# Gutter Covers



## travelover (Jan 28, 2008)

Has anyone found a gutter cover that really works? I have large white pine trees (long needles) as well as a variety of deciduous trees that surround my house and my gutters get full easily. 

My house is a colonial with a walk out basement , so the roof is 3 stories up from the backside - hate climbing up there.


----------



## CraigFL (Jan 29, 2008)

I've always been interested by these but never actually purchased/installed them:

http://www.rainhandler.com/shop/index.php

We have a lot of pine trees in FL and they seem to clog just about anything....


----------



## travelover (Jan 21, 2009)

heatherrros said:


> My gutters used to clog all the time with leaves and pine needles from all the trees around my house. my husband hated getting out the ladder and cleaning them. I finally installed a gutter guard so that we wouldn't have to worry about it anymore. It's called Gutterglove Gutterguard. It's has a stainless steel mesh on an aluminum frame. It looks and feels pretty heavy duty. I ordered it and installed it myself. I am so happy with the way it is performing. We don't have to clean the gutters anymore. It was well worth the investment and I would recomend it to everyone!

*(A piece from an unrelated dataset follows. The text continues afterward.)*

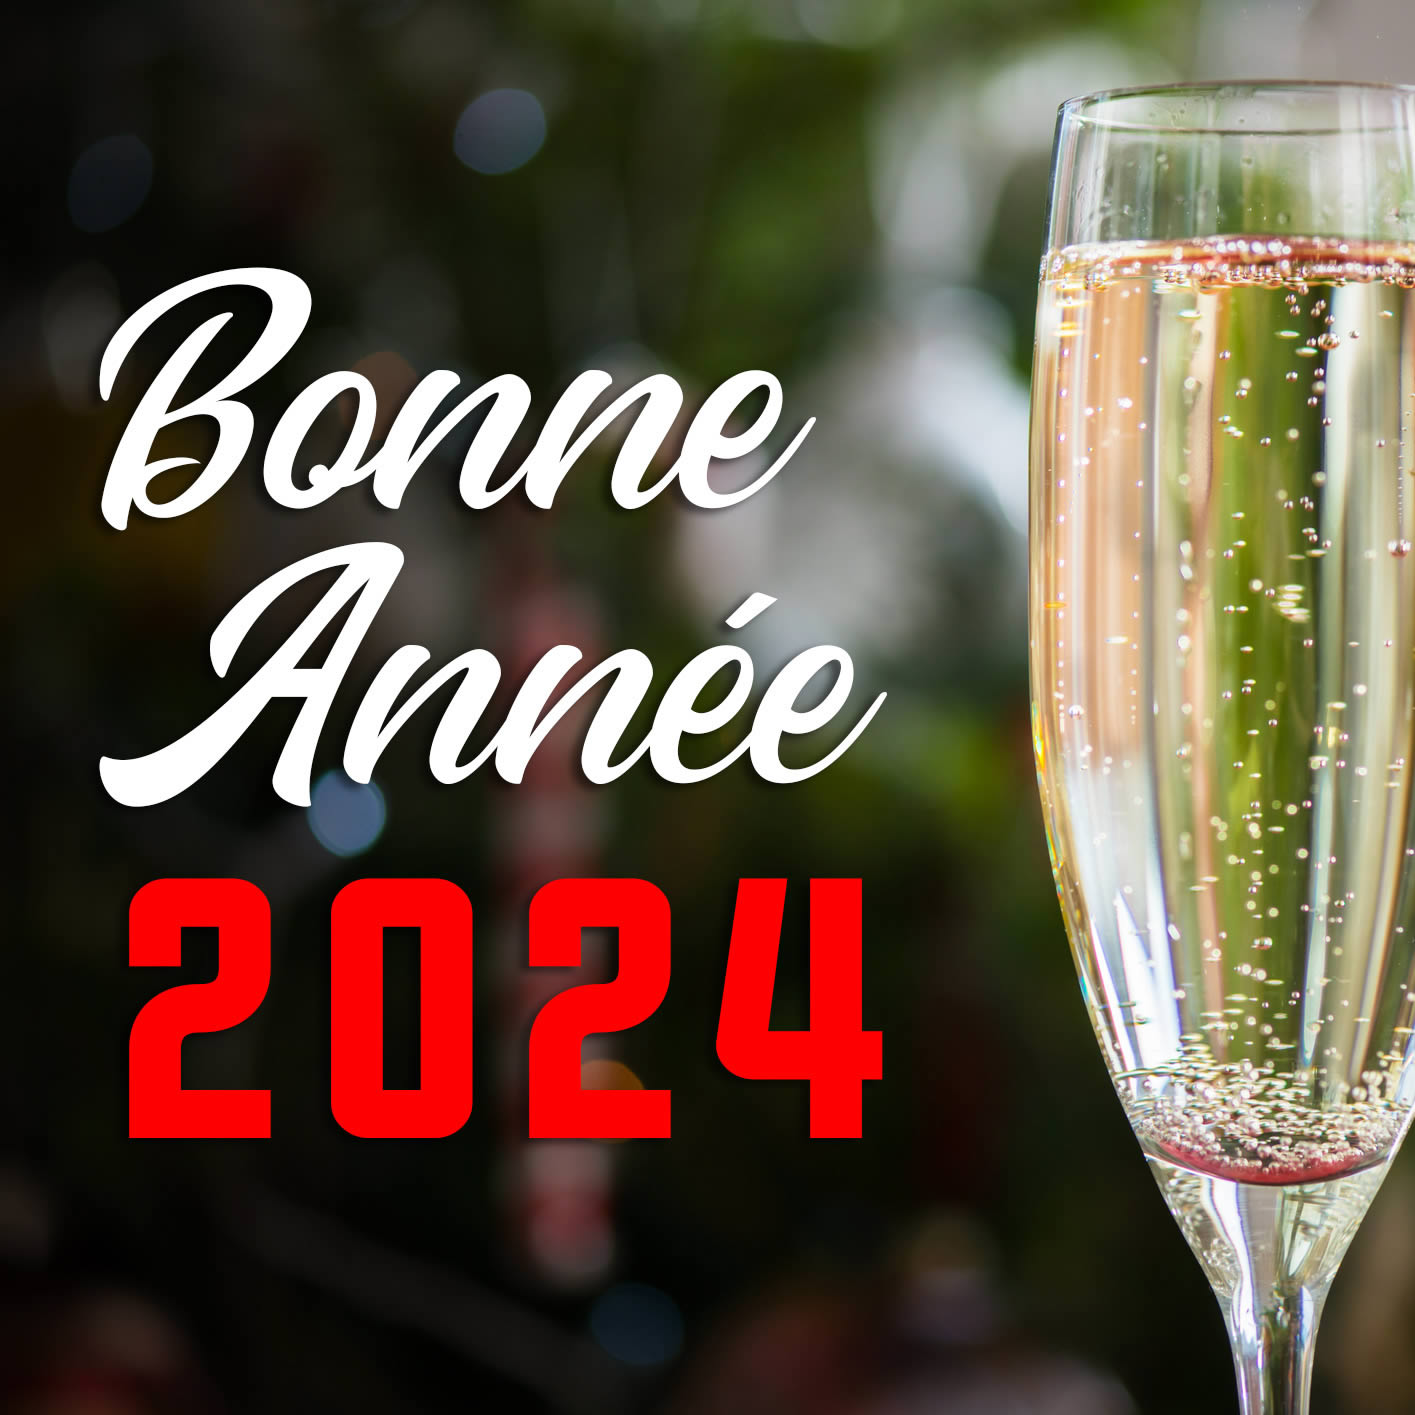 Image de voeux de bonne année avec verre pour porter un toast à la nouvelle année 2024

Hmmmm, three posts and three recommendations for the same product. I smell a spammer.


----------



## pompidoi (May 20, 2011)

There's Amerimax, you can try that one. I had that before bec it's easy to install and fits my budget. However, after a year I had issues with it. I tried out the ones from Hallett and so far it's getting the job done. I also make sure to clean it regularly, and I never had problems.


----------



## joecaption (May 22, 2011)

I tryed everything from cheap slid in ones to $17.00 a ft. stanless steel fine wire mesh, Starling at $10.00 a ft. The only thing I find works with pine needles is to cut down the trees near the house.


----------



## bporter (May 28, 2011)

yes they do work there are a few different types i prefur the gutter helmet  you can find these at your siding supply house  the also make some that look like a big sponge that you just put  in you gutter and they keep the leaves out and let the water in its a simple idea and is probably alot less than the gutter helmet and the install is much easer


----------



## Rock16 (May 28, 2011)

I like the leaf relief system.


----------



## 911handyman (Jun 4, 2011)

I found no gutter cover that actually works. Gutters are a maintenance item you just need to stay on it.


----------



## garyholt (Aug 29, 2011)

This is my first time on this site and I'd like to add that I believe GutterGlove to be in the top two or three Gutter Guards available. I've used at least five different guards over the years and we recently were hit with a major hail storm that tore our Leaf Releaf Gutter Guards up. I went on line and was looking for a source for Leaf Relief and came across some UTube videos showing GutterGlove. This company has finally manufactured a product that truly performs. That's my two cents.


----------